The value of having these people on your team has several advantages:

  1. They give a strong indication that corporations are watching and are interested in what you are doing
  2. They are knowledgeable of insights, trends and insider information that can help you make decisions on how to position and develop your company, especially building towards an acquisition
  3. They can initiate conversations between you and venture capitalists to further grow your business
  4. They can make introductions to key customers that can be first be used to validate your offering

Stage 2 — Corporate Customer: With the right peripheral team in place, it’s now time to leverage them and land your first corporate customer. By corporate, I mean one within the Fortune 500 ranking. Thinking from my own experience in start-ups, one of our first customers at a previous company was a huge corporation that we acquired through a personal relationship. Many of the successful companies I had the opportunity to interview with had the same pattern.

Landing a large corporation has 2 big advantages for your startup. The first it is great for PR that can be used in many ways. Having a big name customer in your portfolio can be used to attract top talent, investors, and similar customers that will take notice. It gives your company credibility.

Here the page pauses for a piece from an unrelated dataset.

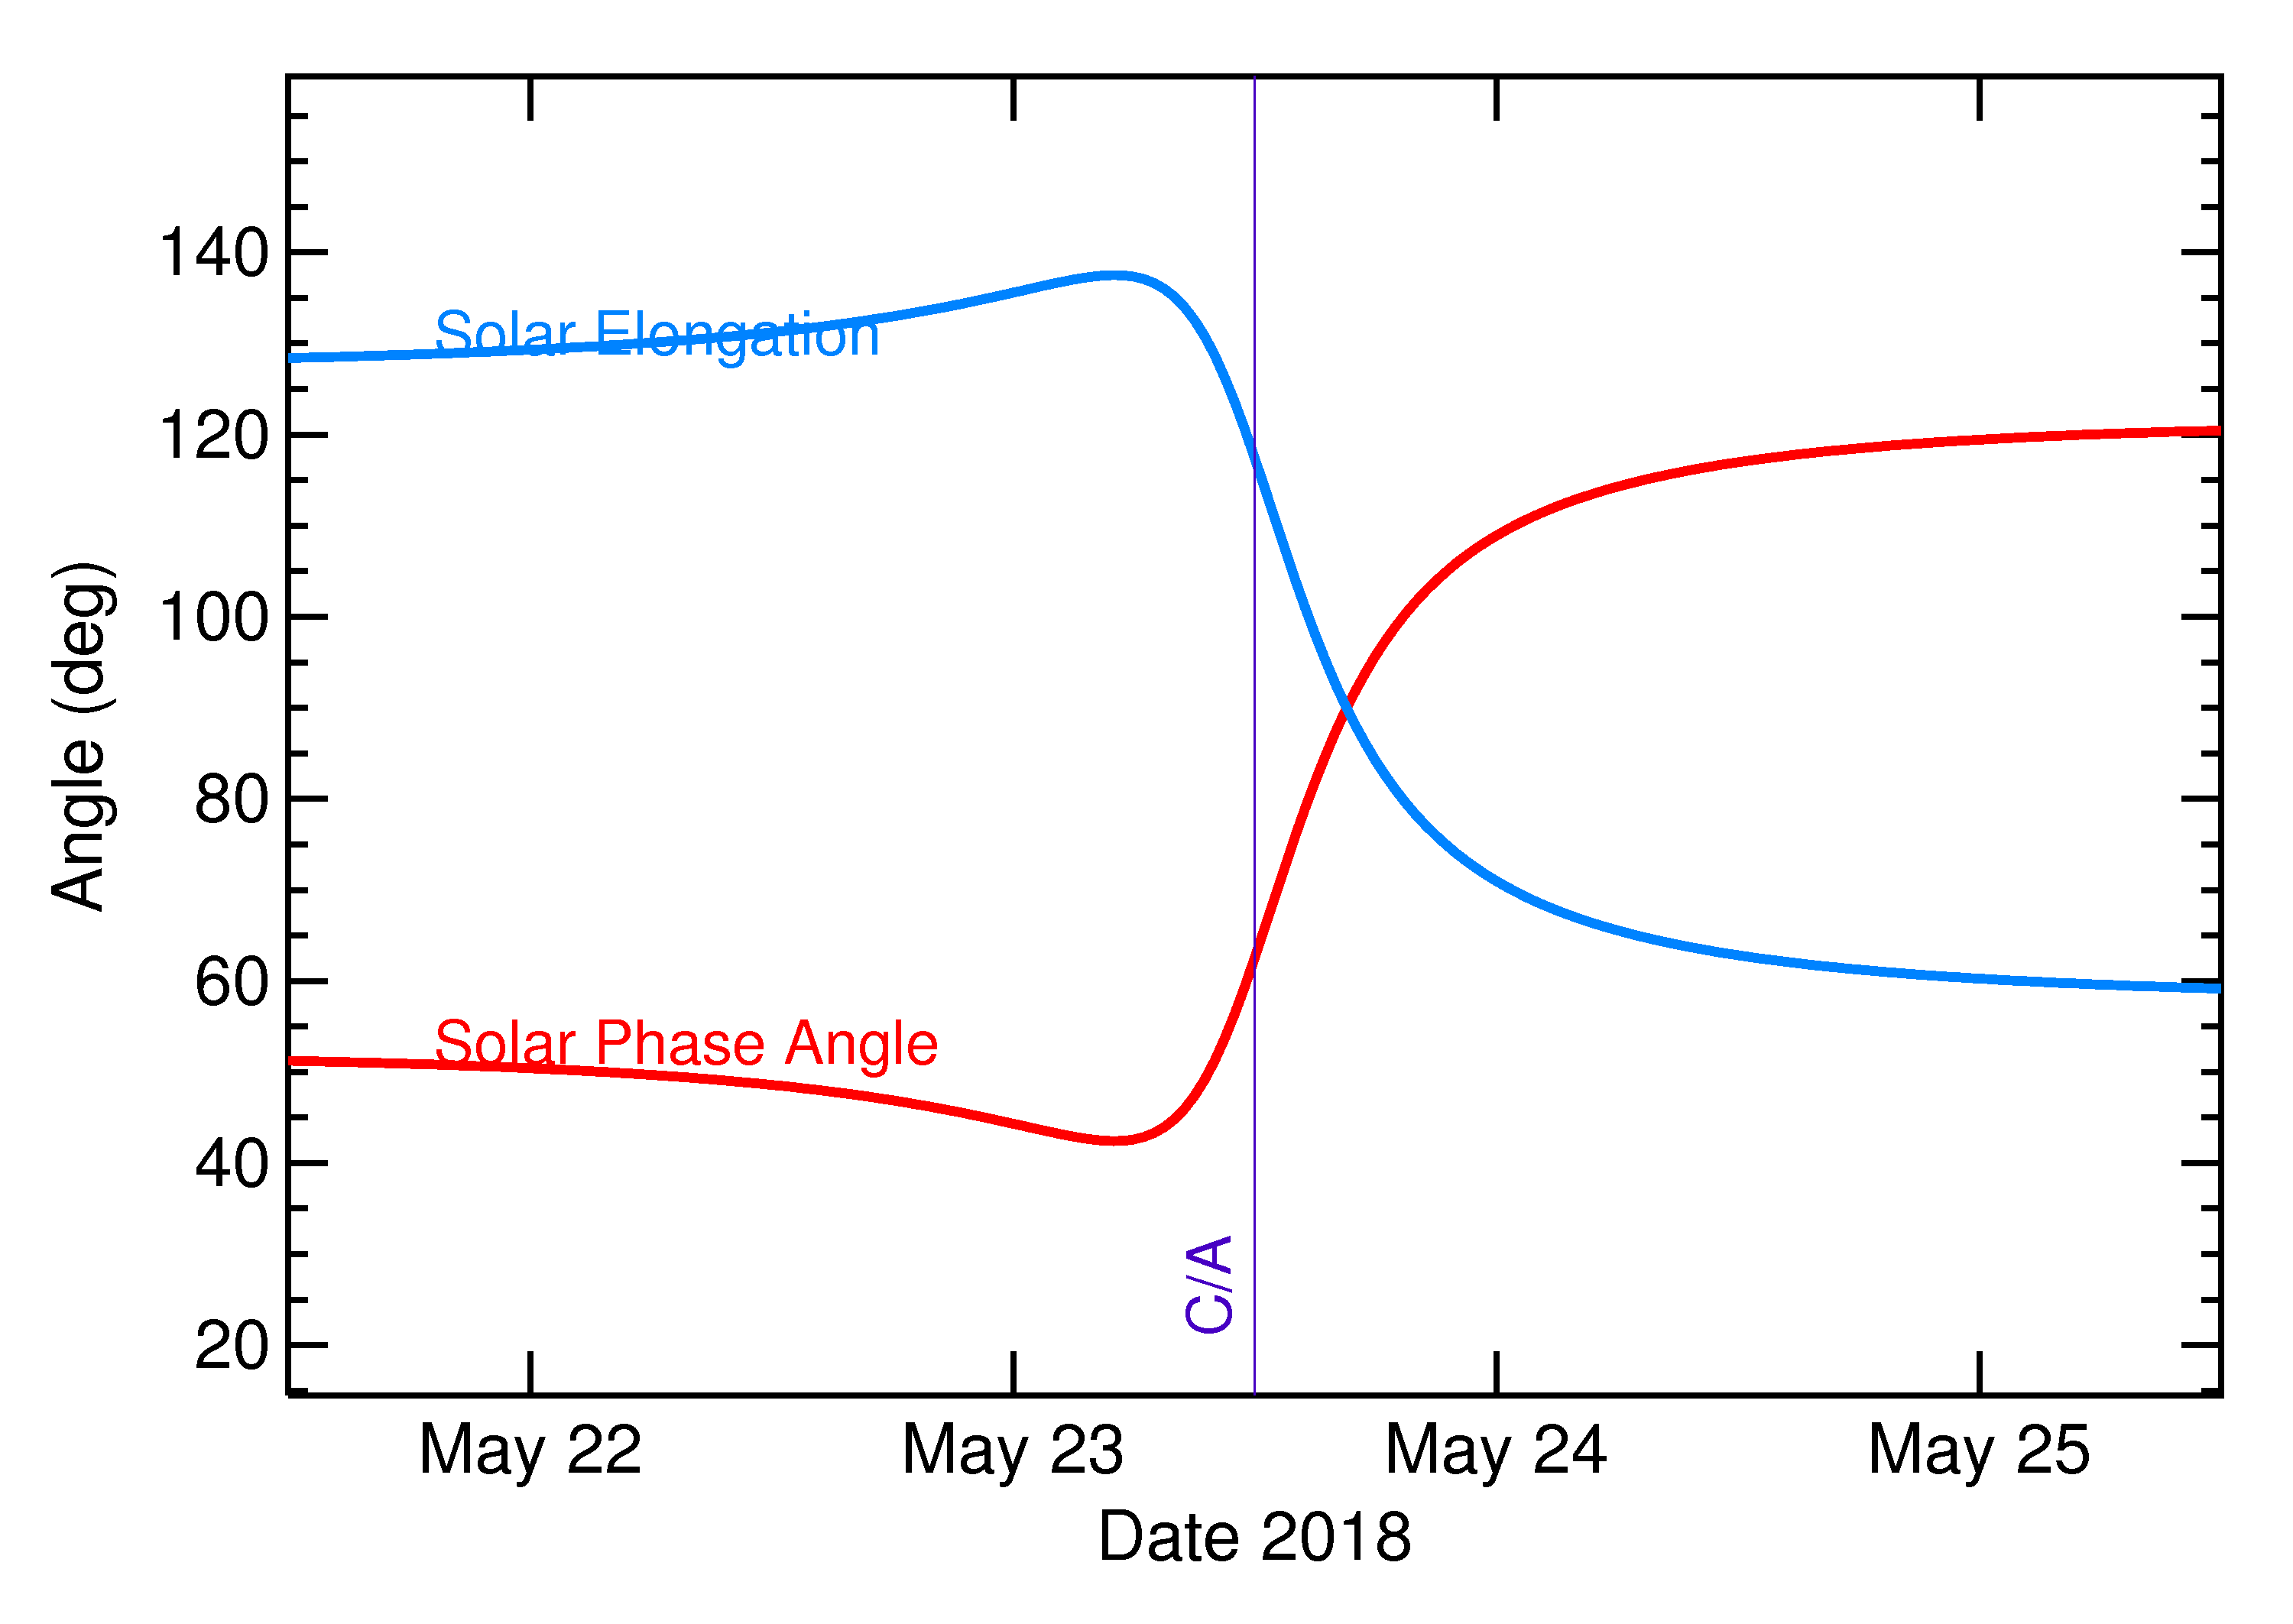 Solar Elongation and Solar Phase Angle of 2018 KW1 in the days around closest approach

The second advantage is that corporate customers can pay, a lot. For B2B brands, your solution can be used by both big and small customers. Smaller customers are often more price sensitive and require a higher amount of customers to reach a scale of profitability. Big customers can easily write checks between 10k — 100k for solutions. One big customer and you can easily achieve 15k MRR, which is only 70k from our 250k ARR goal.

Stage 3 — Accelerators: The third stage is optional. I’ve noticed many companies that execute the prior two stages successfully are admitted into accelerator programs. There are many accelerators to join, and not all of them are valuable to your business. The right ones will provide additional mentors, advisors that will further help you hone your business and execution. They also will provide connections to investors.

Stage 4 — Venture Capital: The final addition to this peripheral team is venture capital. But it’s not just any venture firm that is important, it’s about strategic capital that comes advantages towards helping a company achieve its goals.

A Set Trajectory To Success

How likely are these companies not to make over 250k? Very hard given the trajectory they have amassed around them. To recap:

  1. High profile advisors, mentors or board members that come with a wealth of guidance and connections join the company.
  2. Closing of large corporate clients, generally in the Fortune 1000 or Fortune 500 range that can pay between 10k to 100k.
  3. Acceptance into programs such as accelerators, that help hone the startups positioning, value, execution along with more connections.
  4. Funding from strategic investors.

With a just few corporate customers and partnerships, and the ability to hire top talent, these companies have the capabilities and resources to easily surpass 250k in revenue. While diversity report released by Harlem Capital Partners indicates few companies able to make over a 250k in revenue, is this just a Black and Latino problem? No, not at all.

I’ve actually seen Black and Latino companies position themselves with the right people and have a similar trajectory to success. For example, one black-led company added a strategic member to their board and was introduced to one of the top accelerators in the United States. The problem many Black and Latino founders face is they do not have the network to connect with high profile figures.

To any startup looking to succeed, consider correctly building a peripheral team that is going to give you an extreme upward trajectory. This can be hard and time-consuming as building your internal team, but the long-term benefits are well worth it.